Mahir looked at her steadily.

"I’ve read the Knight Collar Governance Charter from the original drafting period," Elara said. "Sections nine through seventeen specifically — the extraction protocol documentation, the consent frameworks, the oversight requirements." She paused. "The collars in their current configuration were never legally authorized under the Charter. The extraction function was added fourteen years ago under a discretionary amendment that bypassed the oversight committee. It was signed by the Empress Dowager’s office." Another pause. "It was never disclosed to the knights who wore them."

Mahir said nothing.

"That’s not a collar system," Elara said. "That’s a surveillance architecture designed to look like one." She looked at the document stack. "What you and every knight in this palace has been wearing — what you’ve been serving under — was constructed without your knowledge to function in a way you never agreed to."

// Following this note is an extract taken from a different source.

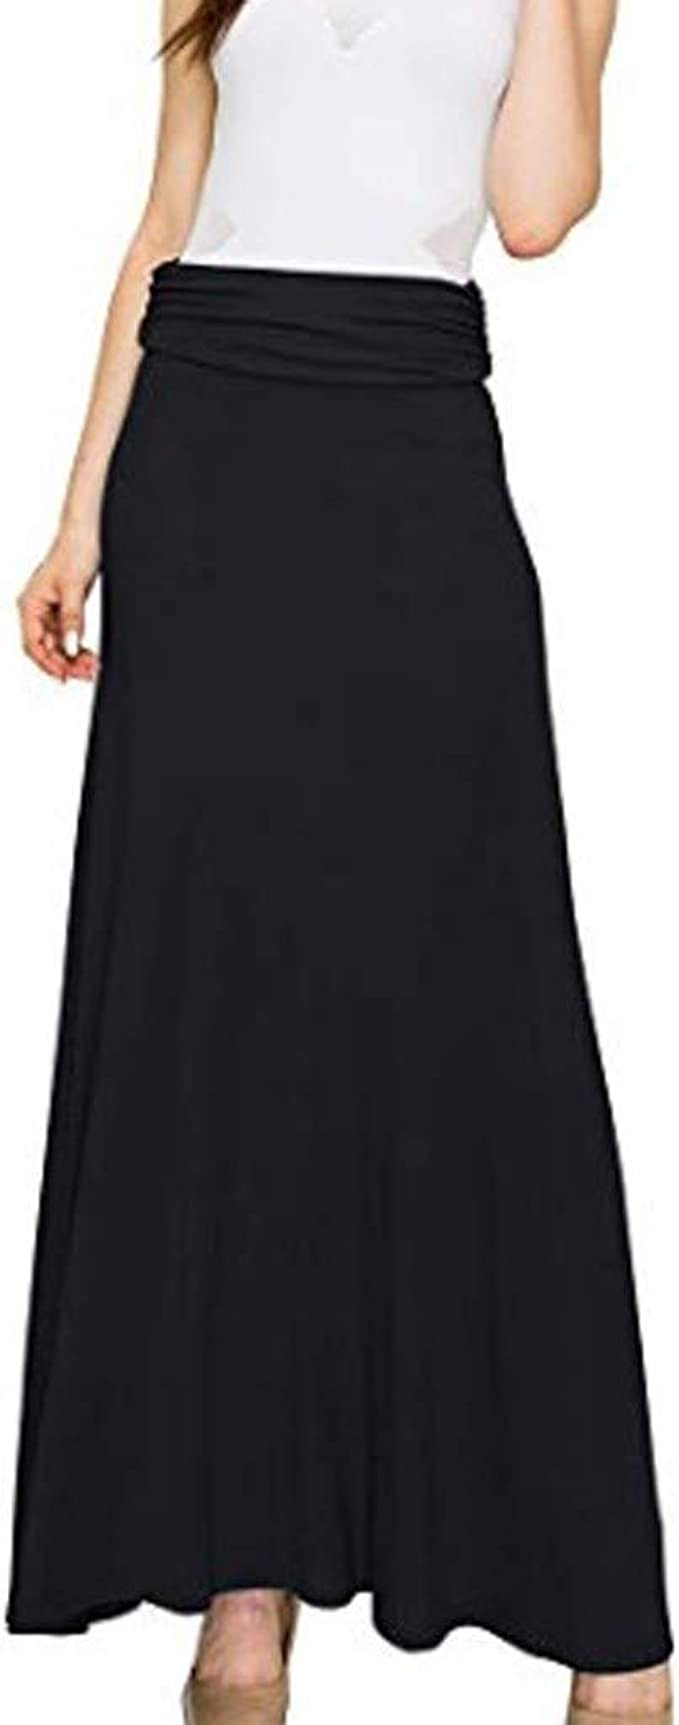 Abetteric Womens Elegant Silm 2 Pieces Outfit Bandeau Long Sleeve Playsuit
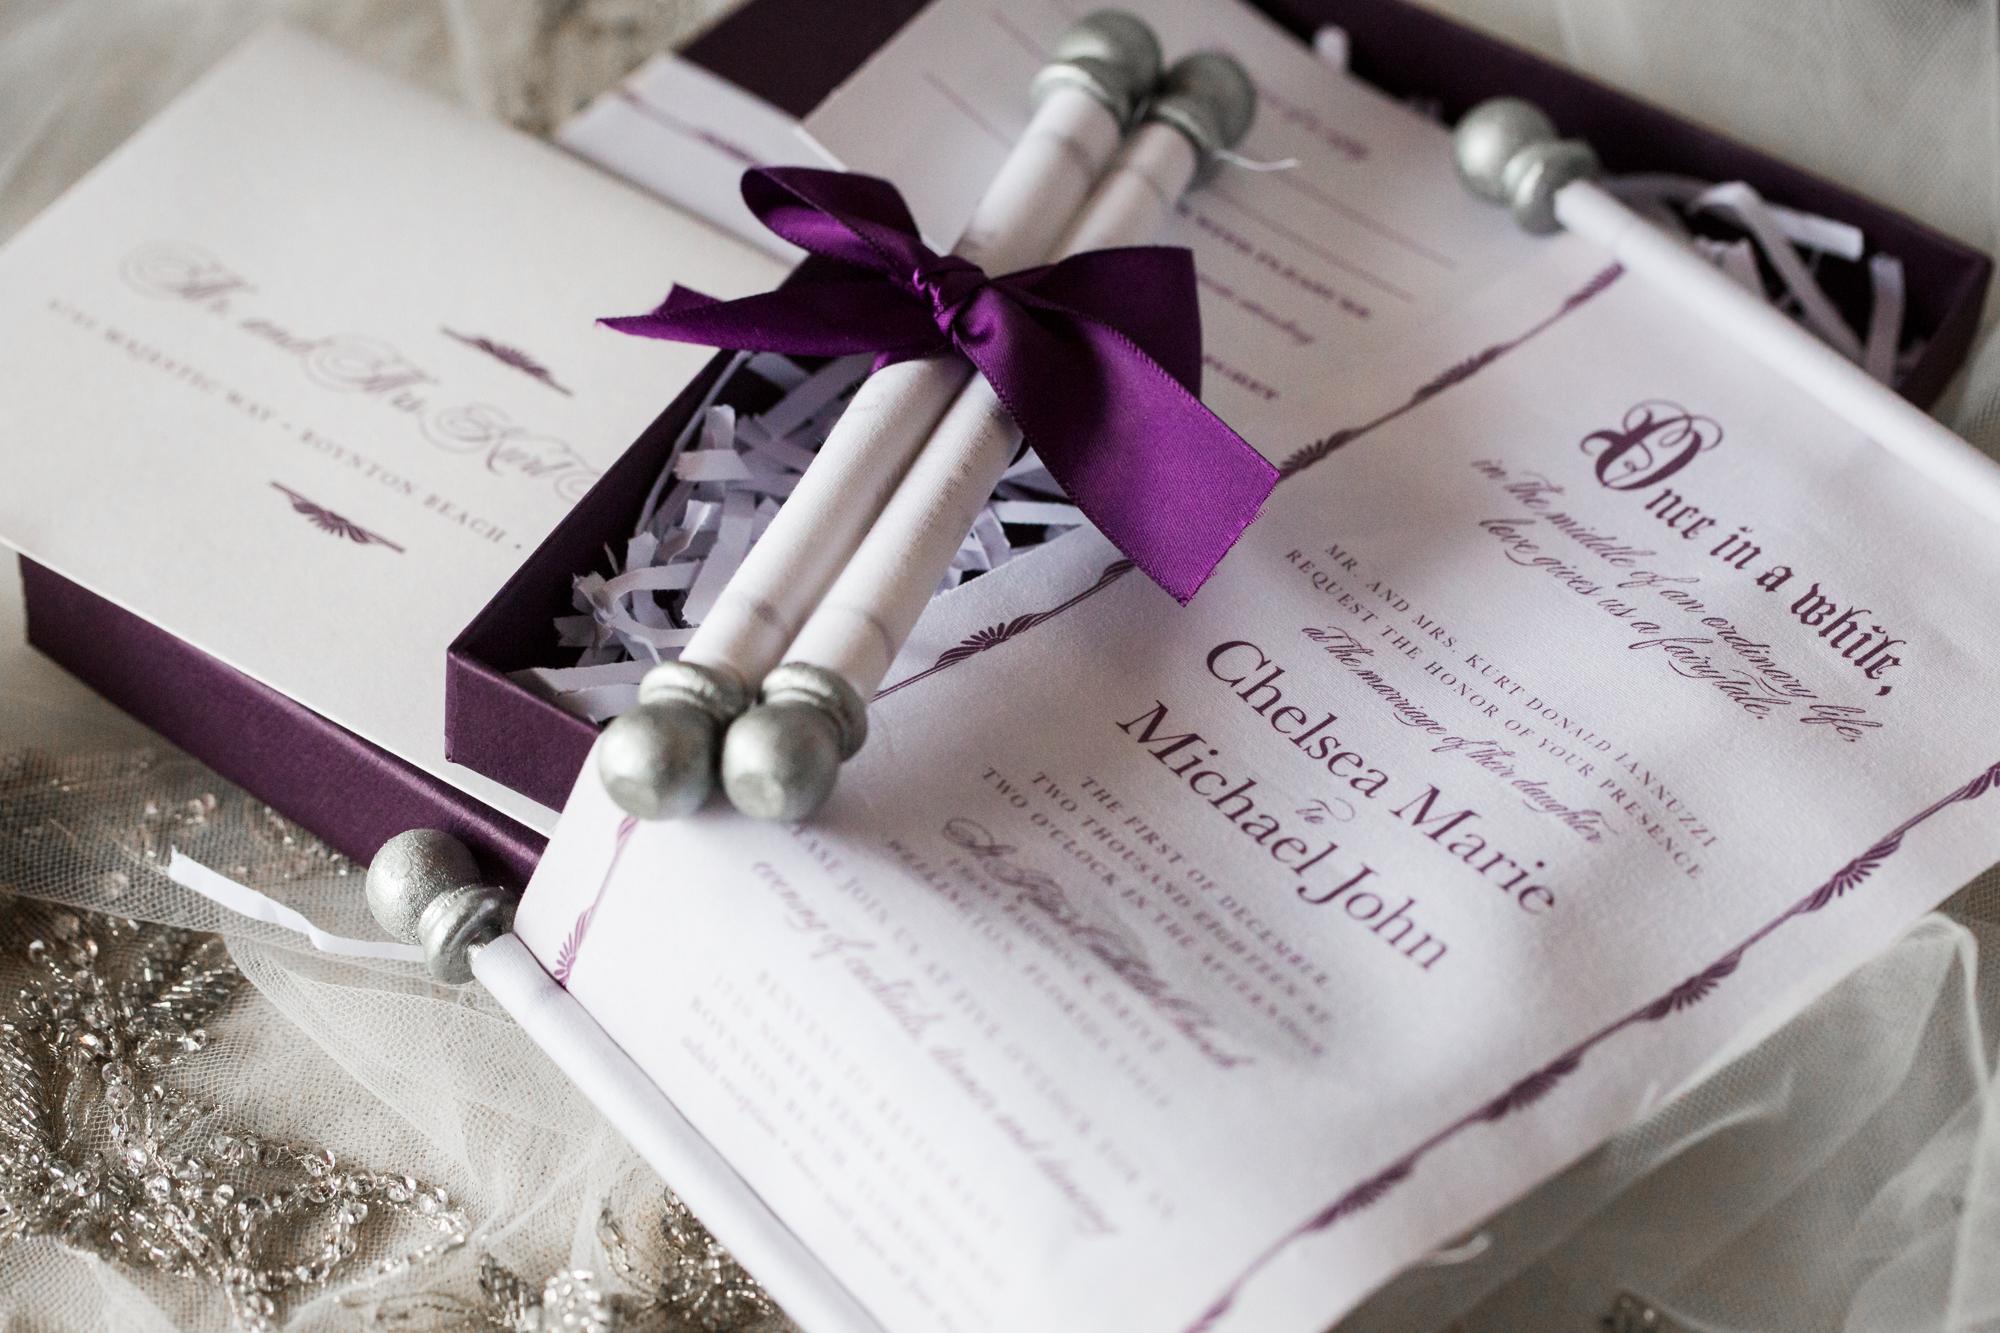 Benvenuto_Wedding_catholic_Florida_Bride-Groom-3-2.jpg

Still nothing from Mahir. But something had shifted in his stillness.

"I can’t undo fourteen years," Elara said. "I can’t give back what was taken without consent. But I can end it, establish an independent audit of what was extracted and when, ensure the information is destroyed with documentation of destruction, and rebuild the collar framework from the original Charter specifications — which do not include extraction." She paused. "That’s what the review means. Not a technical adjustment. A full replacement with proper legal authorization and full disclosure to every knight involved."

Mahir looked at her for a long moment.

"You found this six days ago," he said. "When you found the amendment for the ninth prince."

"Four days ago," she said. "The connection between the amendment timeline and the collar extraction records."

"You’ve been carrying it for four days," he said.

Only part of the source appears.